Recent moves add context. SpaceX acquired xAI earlier this year. The deal valued the combined entity at $1.25 trillion. xAI’s Grok models now sit alongside Starlink and Starship priorities. Colossus 1, the Memphis supercomputer with over 220,000 Nvidia GPUs, just struck a deal to supply all its capacity to Anthropic. The Wall Street Journal reported the arrangement. It boosts Claude AI while highlighting near-term reliance on Nvidia. Terafab represents the long play for self-sufficiency.
Power demands alone raise questions. One terawatt of annual compute output requires enormous electricity, water and infrastructure. Grimes County hearings will test local support. Tax breaks could ease the burden. Still, execution challenges loom. Process technology at 14A remains unfinished. Yield ramps take years. Supply chains for rare materials and equipment face global constraints.
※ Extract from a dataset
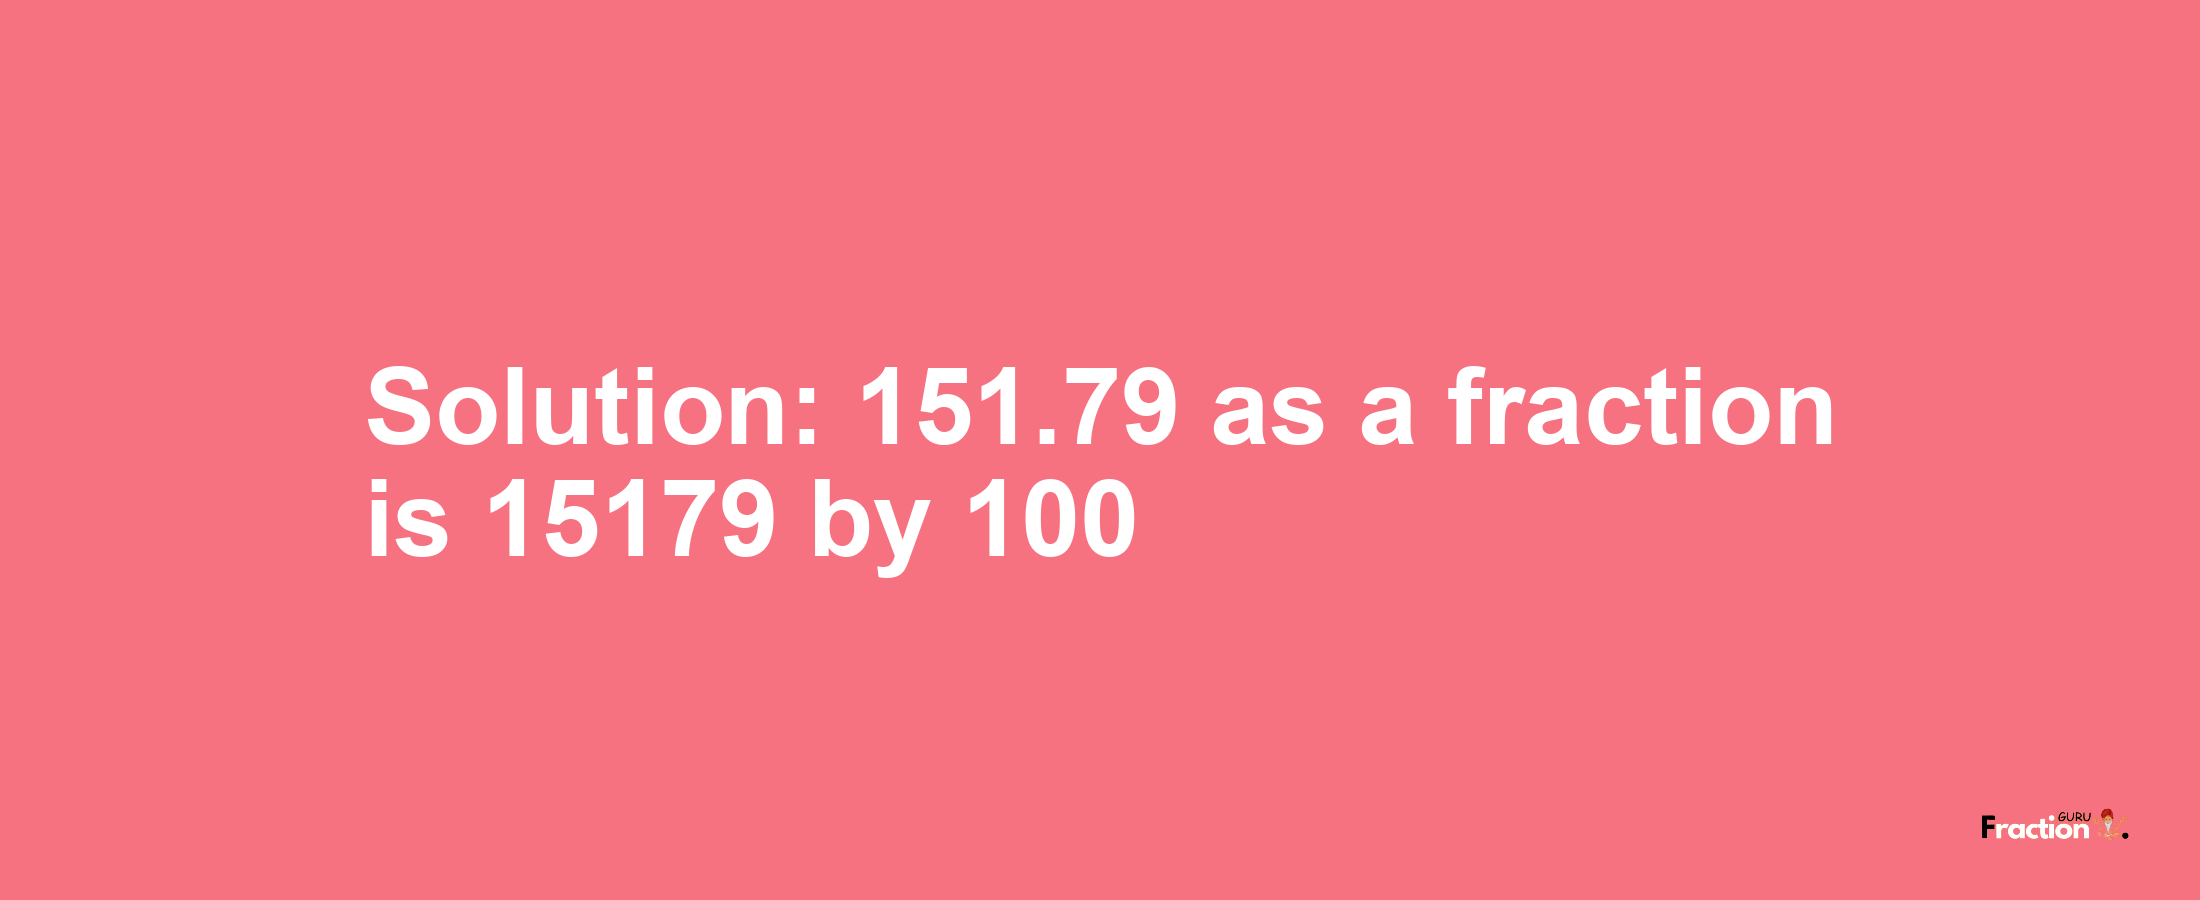 Solution:151.79 as a fraction is 15179/100

But Musk’s track record mixes bold promises with delivered results. Starship development faced repeated explosions before orbital success. Tesla scaled EV production against doubters. Terafab follows the pattern. Short-term, his companies buy Nvidia chips and partner where needed. Long-term, control over silicon could unlock advantages in autonomy, satellite intelligence and space-based training clusters.
Industry watchers note the timing. AI model sizes continue to grow. Training runs consume ever more flops. Hyperscalers and startups alike scramble for GPUs. A new domestic source at this scale would ease pressure on TSMC and broaden U.S. manufacturing capacity. Success might pressure other tech giants to pursue similar vertical moves. Failure would burn capital at epic scale.
So far the project stays on paper. No groundbreaking date appears in filings. Production timelines remain vague, with small-batch AI chips possibly arriving in 2026 or later. Yet the $55 billion commitment already shifts conversations. It positions SpaceX not just as a launch provider but as an AI infrastructure heavyweight. Orbital data centers sound like science fiction today. With Terafab, Musk bets they become inevitable.
Recent coverage reinforces the momentum. Reuters emphasized the boost to domestic semiconductor output and reduced reliance on foreign foundries. The Verge connected it to Musk’s earlier statements on compute shortages. The Verge noted ambitions for 200 gigawatts of terrestrial compute alongside the terawatt space goal. Intel’s involvement adds technical credibility that pure in-house efforts might lack.
Critics point to overreach. SpaceX’s core business demands focus on reusable rockets and constellation growth. Diverting executive attention and capital to fabs carries opportunity costs. The merged xAI entity faces scrutiny ahead of IPO. Investors will weigh these hardware bets against proven revenue streams from launches and Starlink subscriptions.
Still, the logic holds for Musk. Chips power every major initiative. Autonomy needs inference at the edge. Satellites require onboard intelligence. Future AI training in space could exploit unlimited solar energy and radiative cooling. Terafab becomes the enabler. Without it, ambitions stall at the silicon bottleneck.
The coming months will clarify next steps. Public hearings, detailed blueprints and supplier contracts will follow. For now, the filing alone signals a new chapter. Musk isn’t asking for faster chips from existing makers. He’s preparing to make them himself. At a cost that matches the scale of his dreams.